**Information provided**.
Segment Open

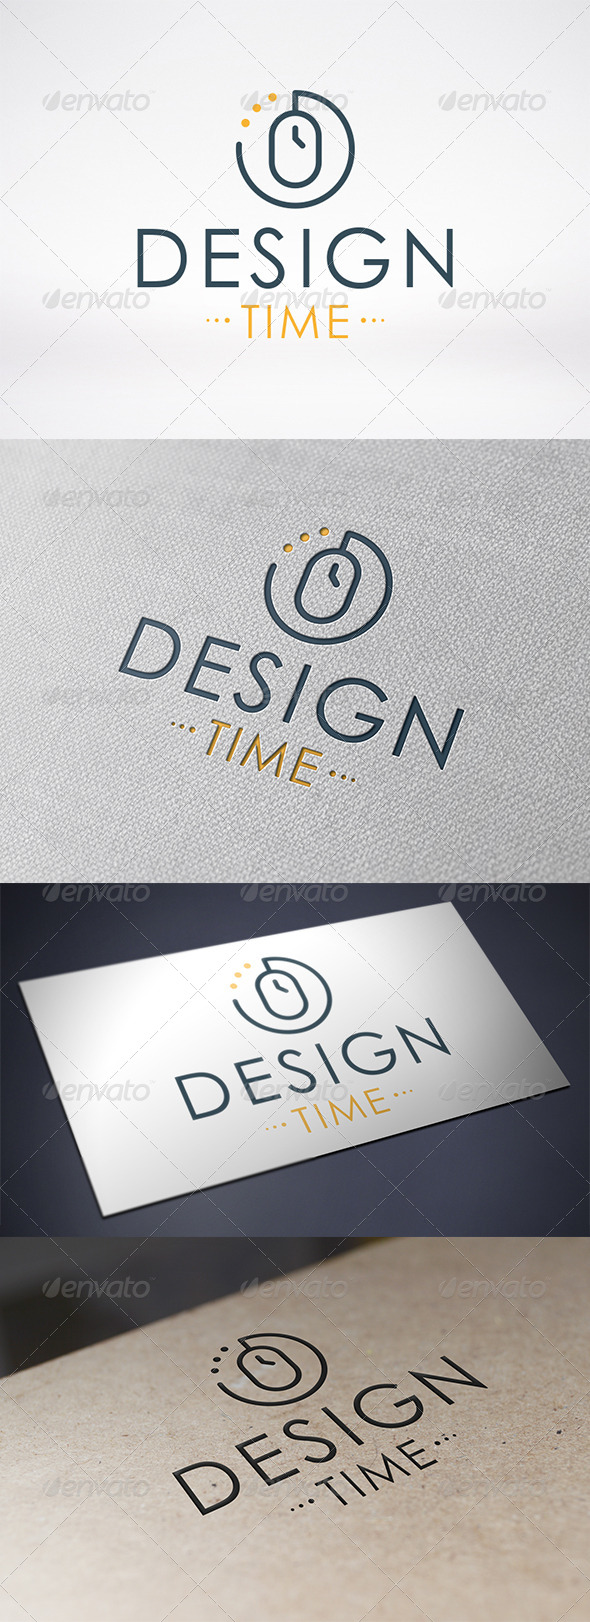 Design Time Logo Template
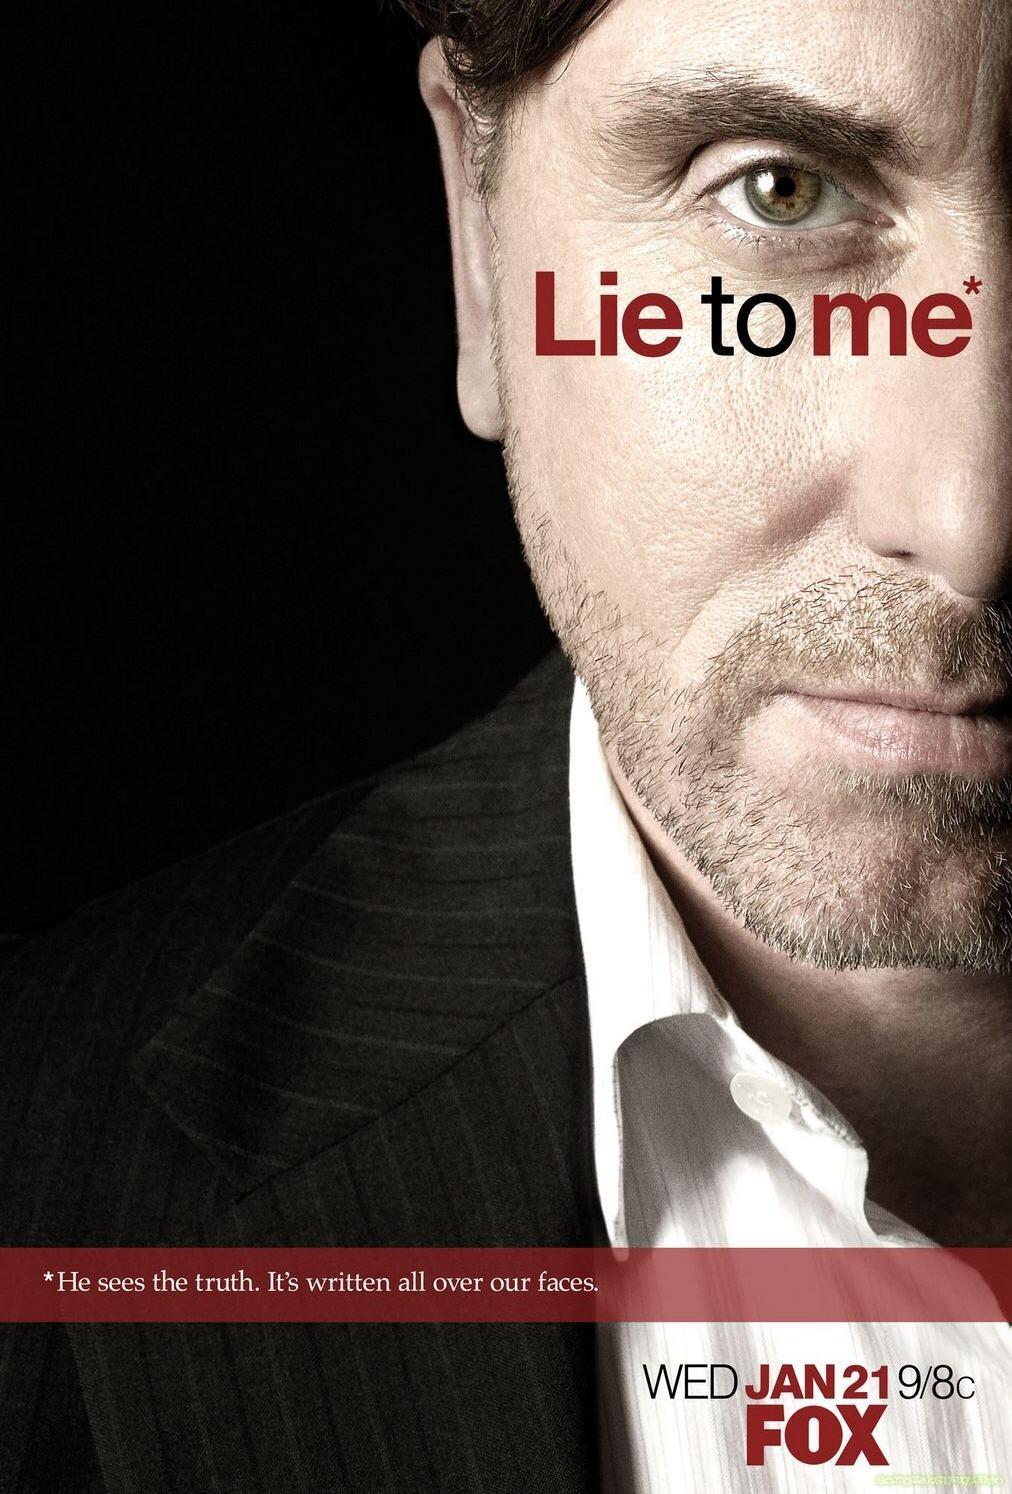 Hazudj, ha tudsz!
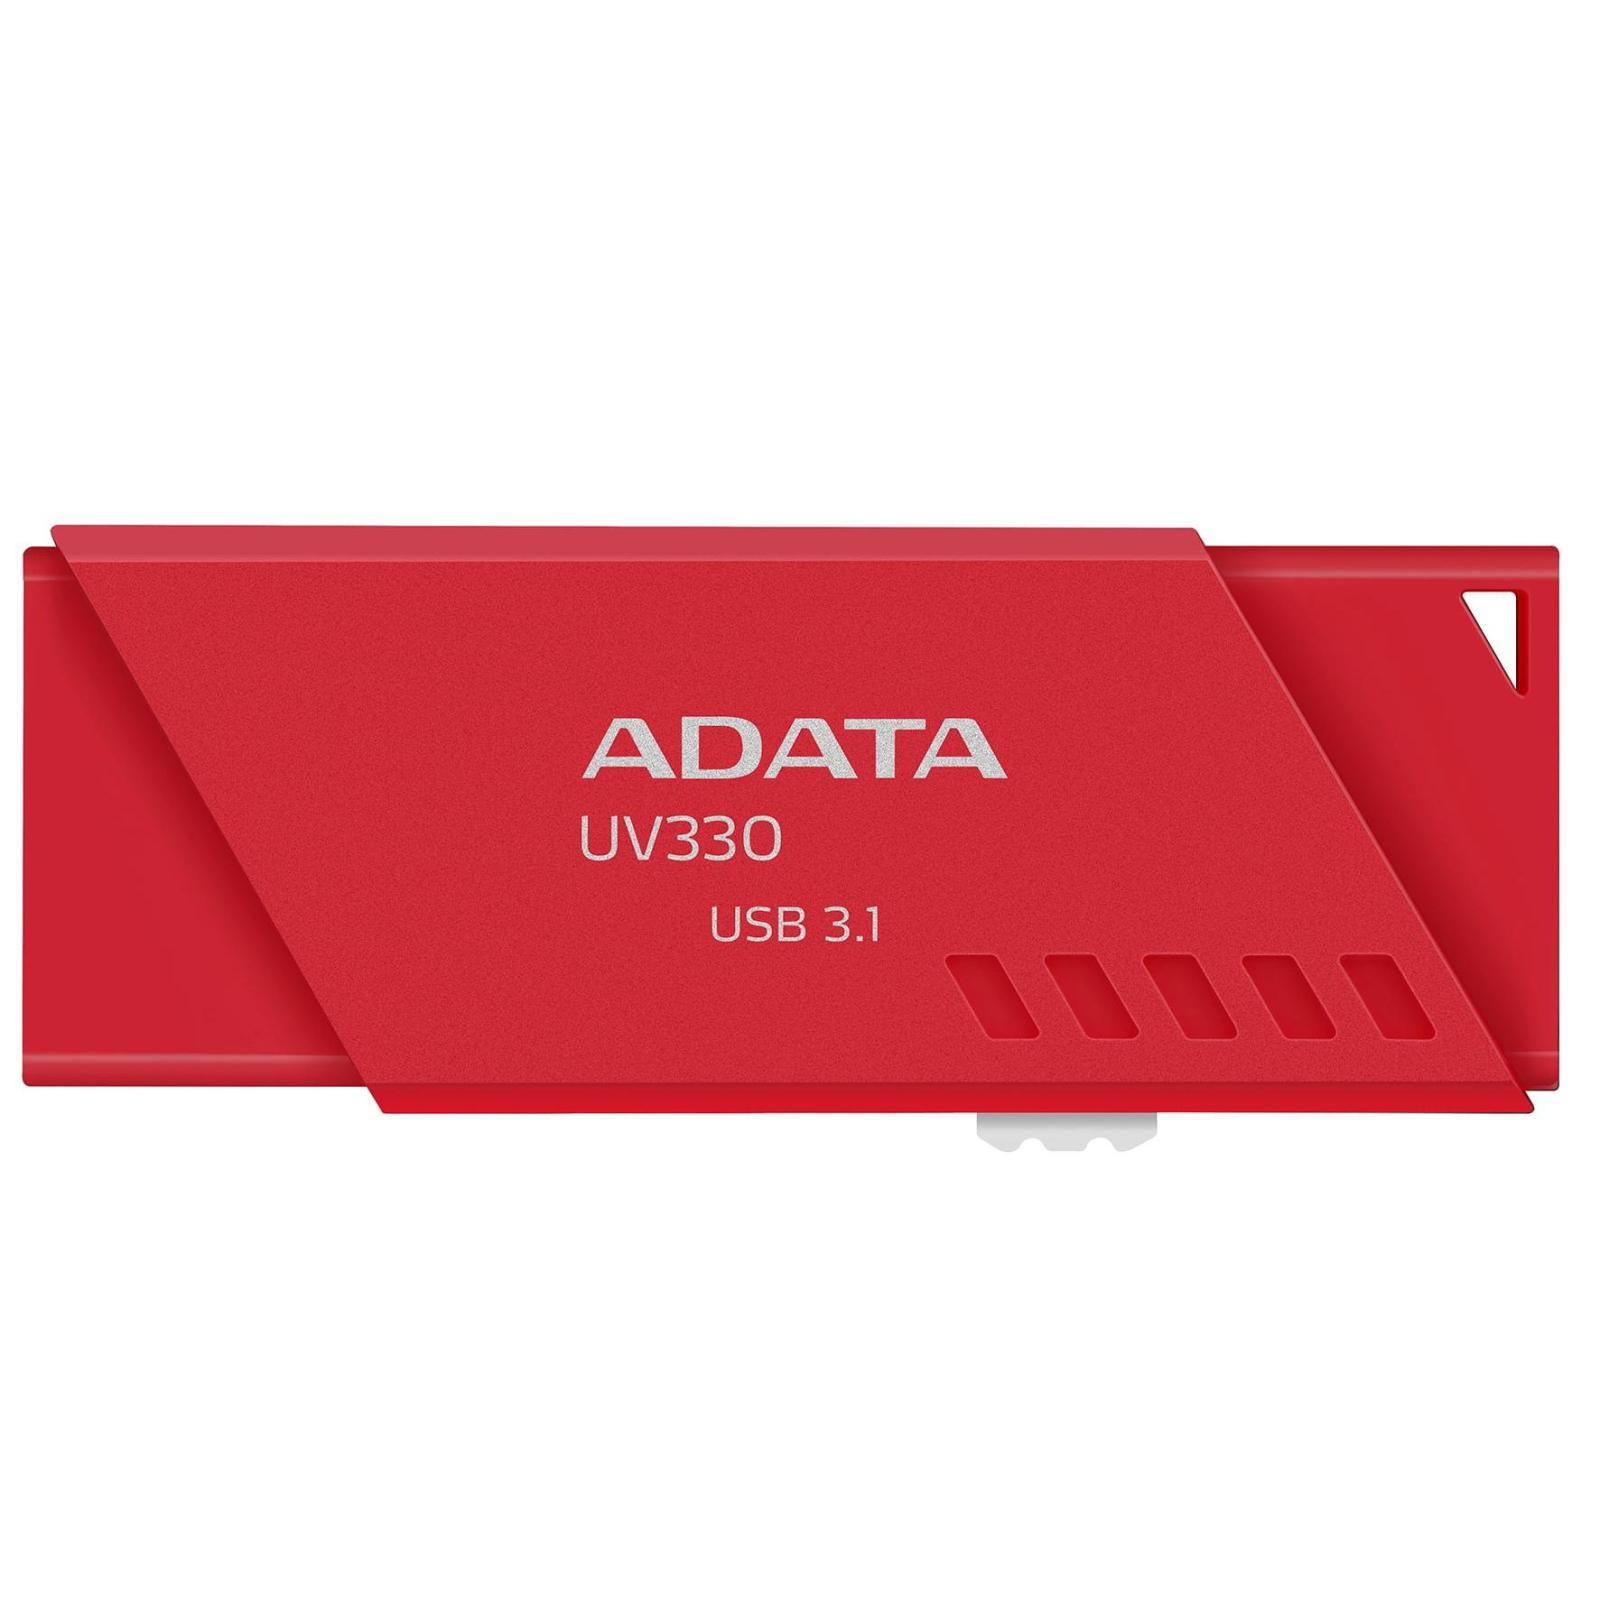 USB флеш накопитель ADATA 32GB UV330 Black USB 3.1 (AUV330-32G-RBK)

Segment Closed

**Your goal**.
Reproduce all the material exactly, omitting images.

**Written response**.
 Design Time Logo Template
 Hazudj, ha tudsz!
 USB флеш накопитель ADATA 32GB UV330 Black USB 3.1 (AUV330-32G-RBK)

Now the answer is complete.